= Gehoon Kheri =

Gehoon Kheri is a village located in the taluk of Bakani, district of Jhalawar, in the State of Rajasthan in India. The village is near Aklera town which is situated at an altitude of 469 meters. The village's history spans more than 700 years. The village's population is more than 5,000 as per the 2011 census.

== Location ==
Gehoon Kheri is a village in Bakani Tehsil in Jhalawar District of Rajasthan State, India. It belongs to Kota Division. It is located 44 km towards East from District headquarters Jhalawar, 30 km from Bakani, 336 km from the state capital Jaipur. Nearby villages include Baira Garh (5 km), Ametha (5 km), Methoon (6 km), Kharpa (8 km), Pachola (9 km).
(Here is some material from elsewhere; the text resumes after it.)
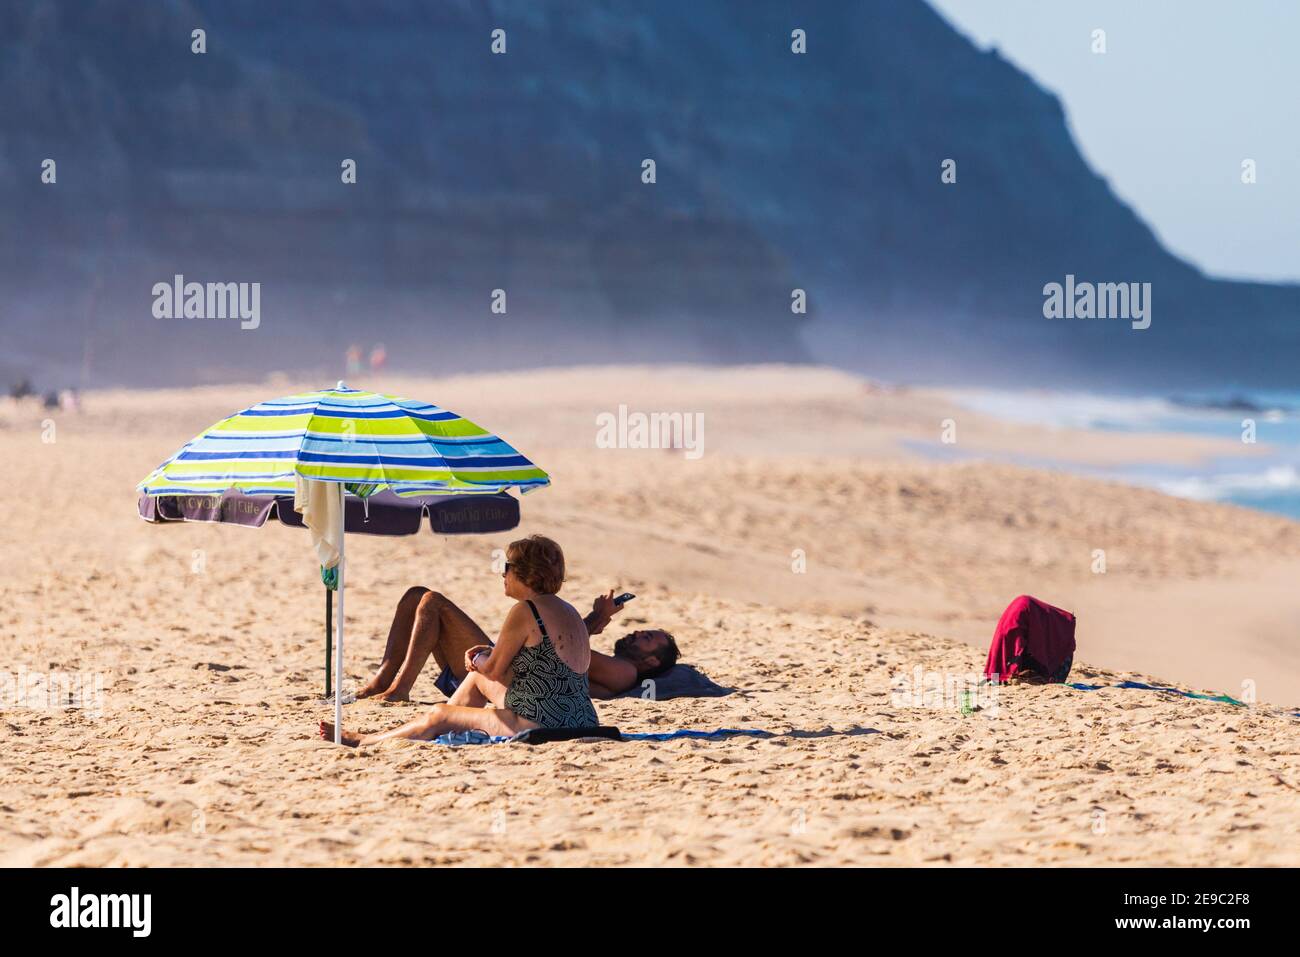 Portogallo, Praia Santa Rita Norte, 04 ottobre 2018: Persone che si rilassano sulla spiaggia di sabbia sotto gli ombrelloni. Foto Stock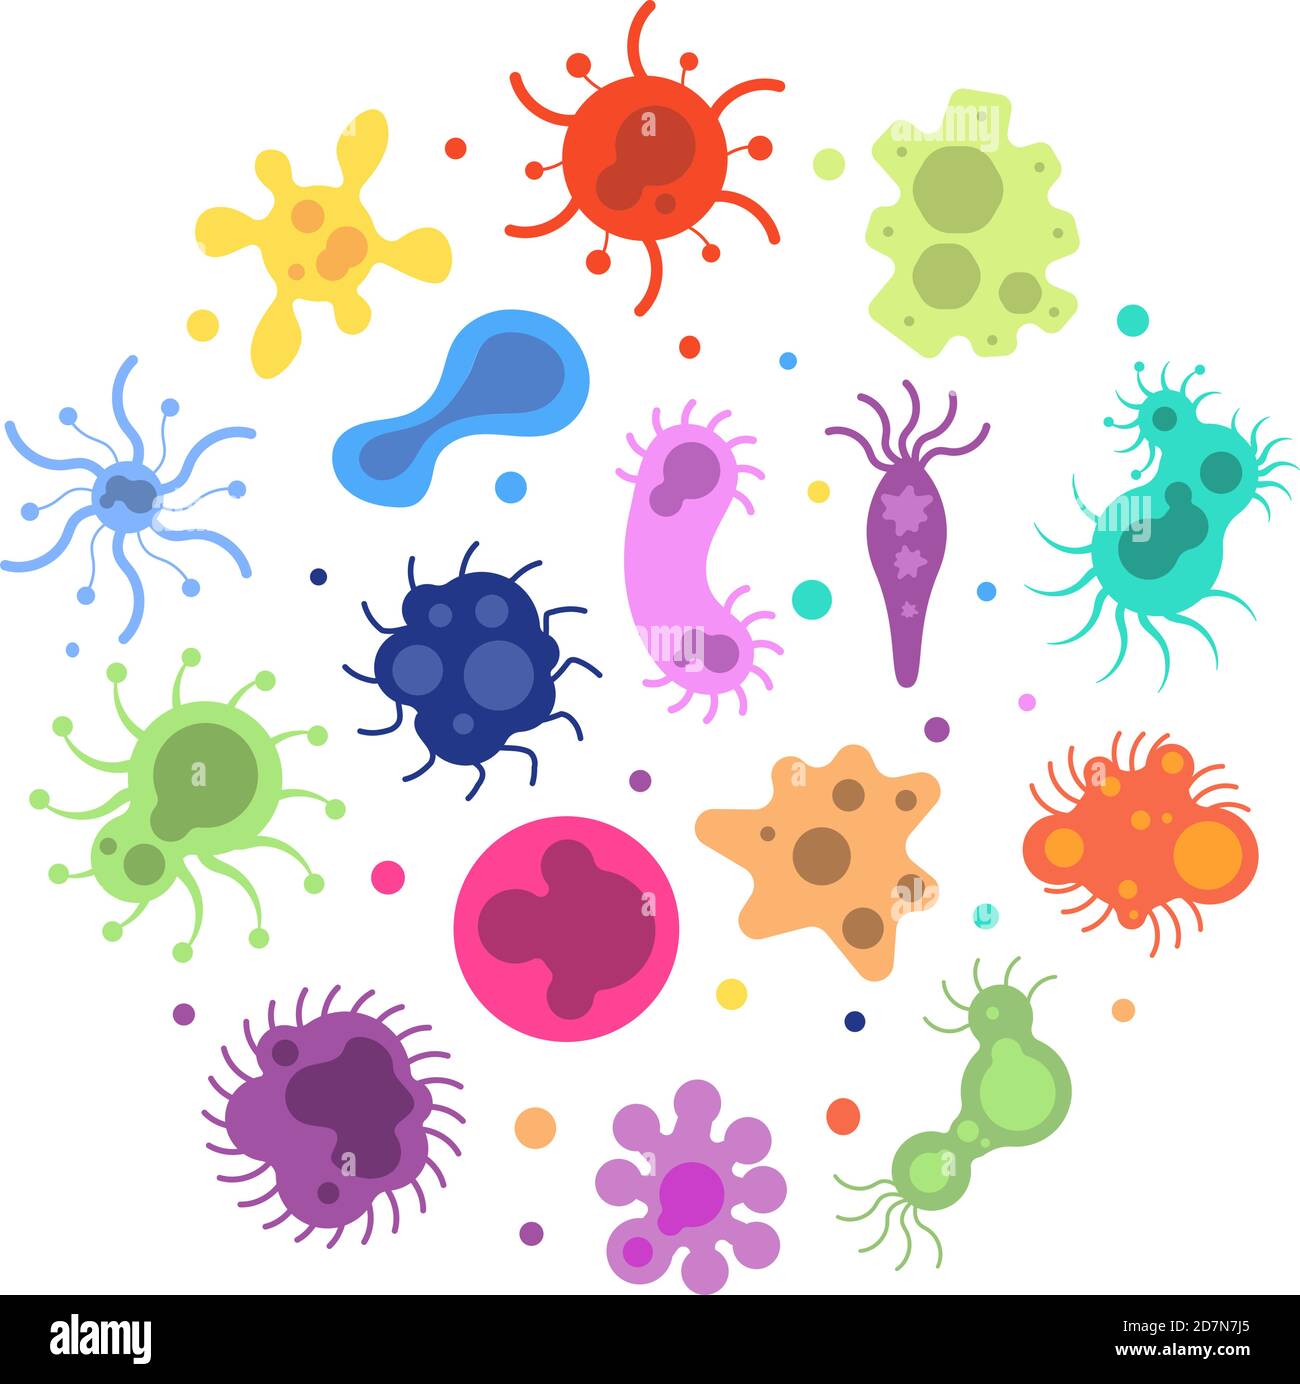 Bakterienkeim. Pandemie Viren biologische, Allergie Mikroben Bakterien Epidemiologie. Infektionen Keime Grippe Krankheiten Vektor bunte Zellen. Amöben-Grippe, Zellkrankheit Infektion Illustration Stock Vektor

Gehoon Kheri is surrounded by Jhalrapatan Tehsil towards west, Chhipabarod Tehsil towards North, Jhalawar Tehsil towards west, Khanpur Tehsil towards North. Jhalawar, Ramganj Mandi, Raghogarh-Vijaypur, Baran are the nearby cities to Gehoon Kheri.

Hindi is the local language.

==Transport==
There is no railway station near to Gehoon Kheri. However, Kota Jn Railway Station is the nearest major railway station (122 km away). Public bus services are available within a radius of 5 km from village. Private bus services are available within the village.

===Nearby railway stations===
- Jhalawar City- 45 km
- Salpura- 56 km
- Chhabra Gugor- 56 km
- Jhalawar Road- 64 km
- Atru- 65 km

==People==
The village is known for people including Shri Arun sedwal IDAS (Indian Defence & accounts Services), Shri Prabhu Singh Chaouhan who was Pradhan (Chief) of Bakani Panchayat Samiti, Shri. Satyanarayan Gandhi, Shri Radhey Shyam Sedwal, Ex-Sarapanch and Member DSO.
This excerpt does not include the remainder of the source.